Bucketname = 'Bucket-name' 

conn = boto.s3.connect_to_region('ap-south-1',
   aws_access_key_id=AWS_ACCESS_KEY_ID,
   aws_secret_access_key=AWS_SECRET_ACCESS_KEY,
   is_secure=True, # uncomment if you are not using ssl
   calling_format = boto.s3.connection.OrdinaryCallingFormat(),
   )

bucket = conn.get_bucket('bucket')
folders = bucket.list("", "/")

for folder in folders:
    print(folder.name)

The type of folder here is boto.s3.prefix.Prefix and it doesn't display any details of size.这里的文件夹类型是 boto.s3.prefix.Prefix 并且它不显示任何大小的详细信息。 Is there any way to search a folder/object in an S3 bucket by it's name and then fetch the size of that object ?有没有办法通过名称搜索 S3 存储桶中的文件夹/对象,然后获取该对象的大小?
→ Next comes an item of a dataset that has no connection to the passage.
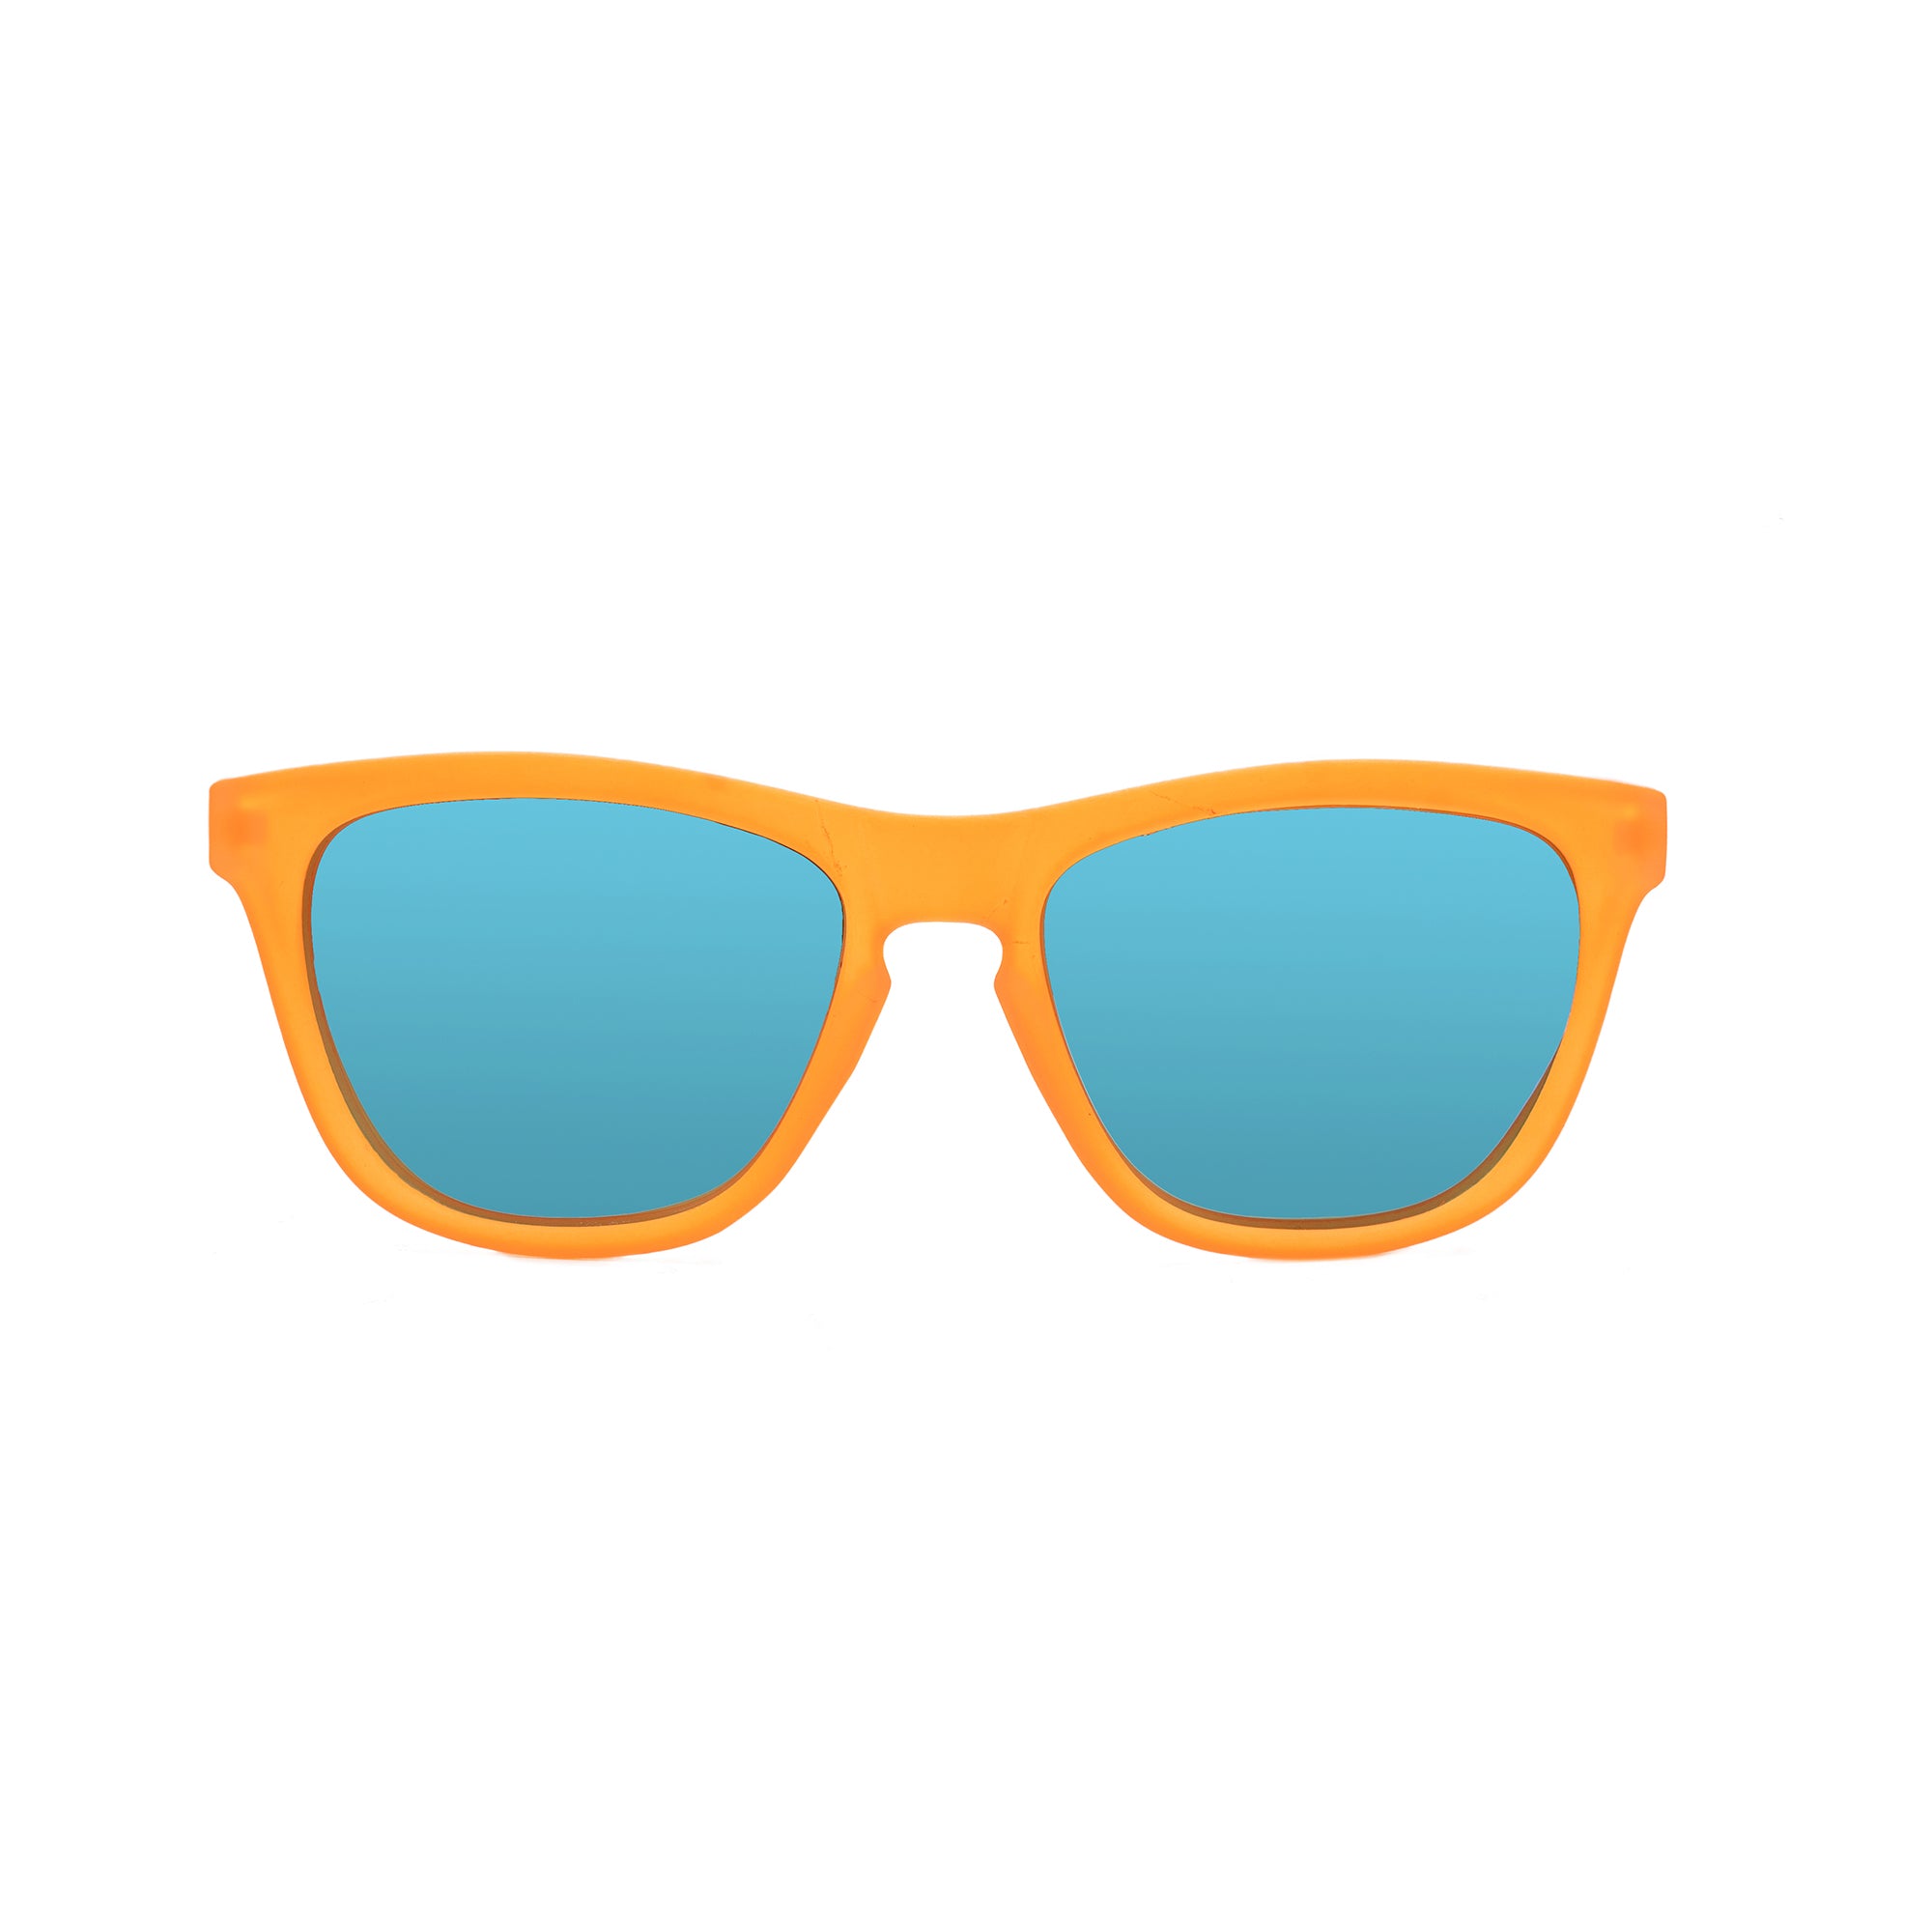 Buy Martian Orange Sunglasses for Men Online | Eyewearlabs

In order to get the size of an S3 folder, objects (accessible in the boto3.resource('s3').Bucket) provide the method filter(Prefix) that allows you to retrieve ONLY the files which respect the Prefix condition, and makes it quite optimised.为了获取 S3 文件夹的大小, 对象(可在 boto3.resource('s3').Bucket 中访问)提供了方法filter(Prefix) ,该方法允许您检索符合 Prefix 条件的文件,并使它相当优化。

import boto3

def get_size(bucket, path):
    s3 = boto3.resource('s3')
    my_bucket = s3.Bucket(bucket)
    total_size = 0

    for obj in my_bucket.objects.filter(Prefix=path):
        total_size = total_size + obj.size

    return total_size

So let's say you want to get the size of the folder s3://my-bucket/my/path/ then you would call the previous function like that:因此,假设您想获取文件夹s3://my-bucket/my/path/的大小,那么您可以像这样调用前一个函数:

get_size("my-bucket", "my/path/")

Then this of course is easily applicable to top level folders as well那么这当然也很容易适用于顶级文件夹

To find the size of the top-level "folders" in S3 (S3 does not really have a concept of folders, but kind of displays a folder structure in the UI), something like this will work:要在 S3 中查找顶级“文件夹”的大小(S3 并没有真正的文件夹概念,但在 UI 中显示文件夹结构),可以使用以下方法:

from boto3 import client
conn = client('s3')

top_level_folders = dict()

for key in conn.list_objects(Bucket='kitsune-buildtest-production')['Contents']:

    folder = key['Key'].split('/')[0]
    print("Key %s in folder %s. %d bytes" % (key['Key'], folder, key['Size']))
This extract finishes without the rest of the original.